Protocols for transferring data between the host and the storage devices include SATA [9], SAS [8], and NVMe over PCIe [6]. SSDs can execute multiple I/O commands simultaneously and with low latency. Among the preceding interfaces, NVMe is more suited for enterprise SSDs and has impressive performance in transferring data between the SSDs and the host. This makes NVMe the protocol of choice for our proposed CSD architectures. The technical specification of NVMe over PCIe protocol is quite complicated and is outside the scope of this research. The rest of this section reviews the NVMe protocol.

PCIe [44] is a high-speed bus standard that uses a set of unidirectional pairs of serial and point-to-point links, called lanes. A PCIe slot can have 1, 4, 8, or 16 lanes, denoted as ×1, ×4, ×8, and ×16, respectively. The PCIe protocol is composed of three layers, namely the transaction layer, data link layer, and physical layer, and currently there are four generations of the PCIe bus protocol. Each lane of PCIe Gen 1, Gen 2, Gen 3, and Gen 4 provides a data bandwidth of 250, 500, 985, and 1,970 MBps, respectively. PCIe links can be used to connect different peripherals to hosts, such as video cards, expansion cards, and storage units. Our proposed CSD architectures contain a host interface based on PCIe Gen 3 × 4, which can provide a bandwidth of up to 3,940 MBps.

NVMe protocol uses the PCIe data link to transfer data between a host and an SSD. Traditional data transfer protocols were developed for HDDs that have just one queue for submitting I/O commands, but they cannot sustain SSDs’ much higher bandwidth. To support SSDs’ ability to run multiple I/O commands at the same time, MVMe provides up to 64K data transmission queues, each of which supports up to 64K parallel I/O commands.

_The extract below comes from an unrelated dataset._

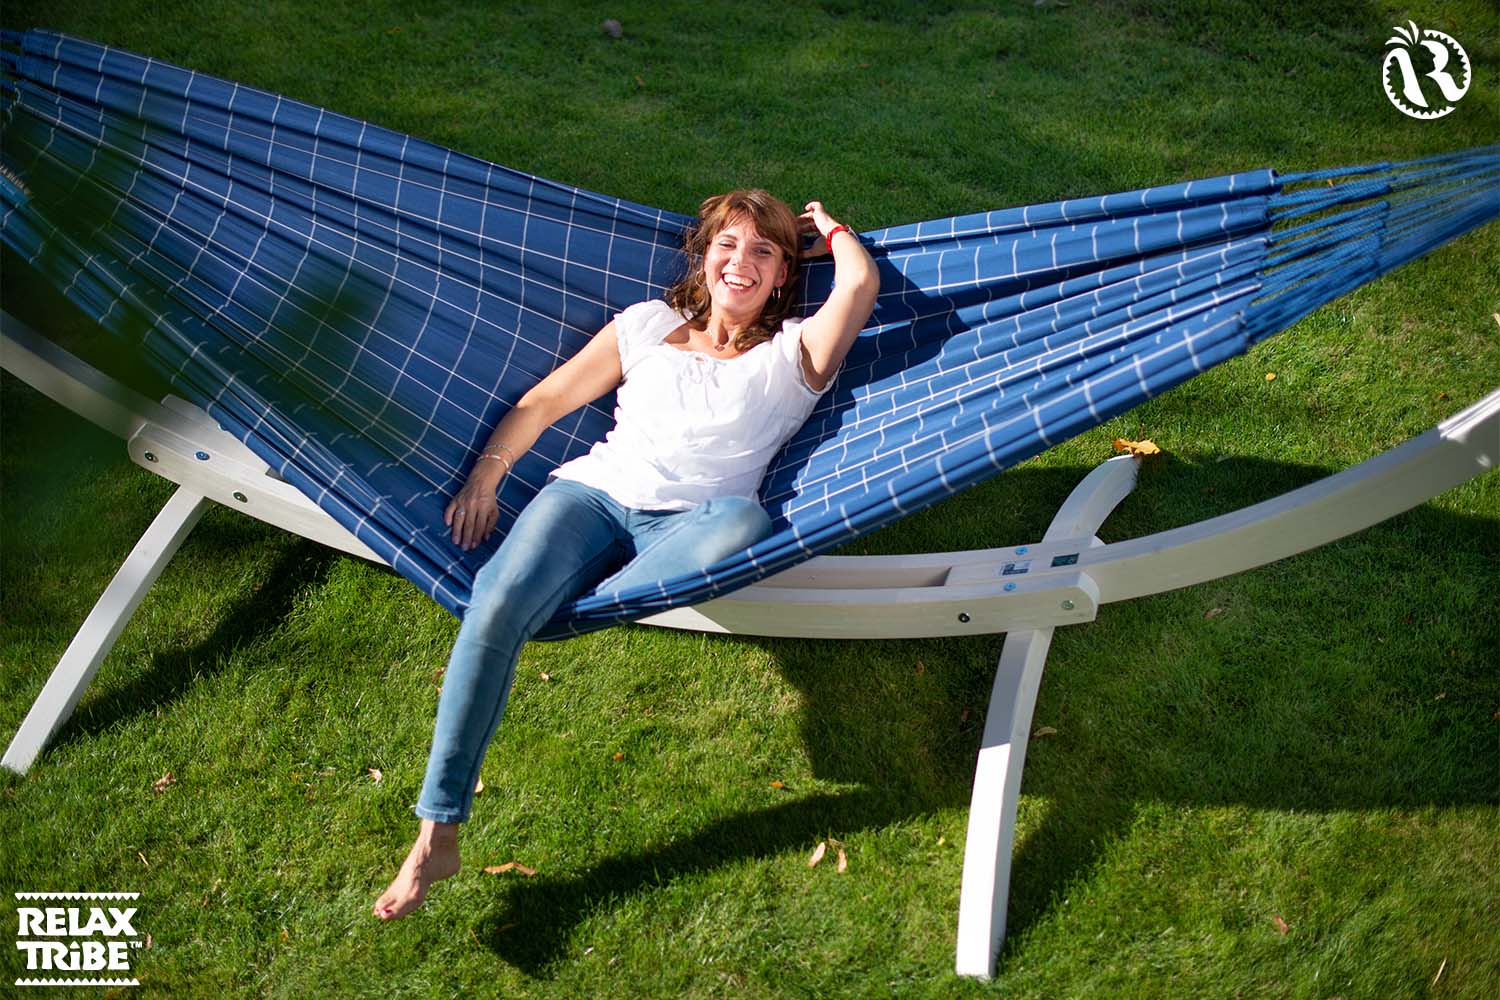 brisa-marine-weatherproof-hammock-home-garden-handmade-dark-blue-pattern-wood-stand

3.1.4 Standard Form Factors.

Several industry-standard form factors for flash-based storage devices exist. Some target commodity machines, whereas others are designed for data centers and edge infrastructure [19].

Among all form factors, EDSFF (Enterprise and Data Center SSD Form Factor) is the gold standard that also takes into account the thermal condition and the harsh environment of enterprise systems. It offers a set of flexible specifications of form factors, including E1.L, E1.S, E3.L, and E3.S, among others. The proposed CSD, Solana, is designed and manufactured for edge systems, and the E1.S form factor has been chosen to address thermal challenges and also to provide enough room for a large number of NAND flash chips. The width and length of Solana are 31.5 mm and 111.49 mm, respectively. Moreover, a heat sink can be mounted on drives in E1.S form factor for passive thermal dissipation.

The U.2 form factor is 2.6 inches and is the most common for SSDs, offered in PCIe (with NVMe), SAS, or SATA interfaces. Based on capacity and interface, the 69.85 × 100 mm U.2 drive can have a thickness of 7 or 15 mm. U.2 can be deployed in a wide range of systems, from laptops and desktops to enterprise storage servers. U.2 is defined as compliance with the PCI Express SFF-8639 Module specification, instead of referencing SAS or SATA SSDs as was typically done previously.

The M.2, formerly known as Next Generation Form Factor (NGFF), is widely used for internally mounted SSDs. It supports PCIe, SATA, and USB interfaces and comes in various widths and lengths. It also has keying notches on the edge connector to designate various interface or PCIe lane configurations. M.2 is smaller than the typical 2.5-inch SSD and is typically removable.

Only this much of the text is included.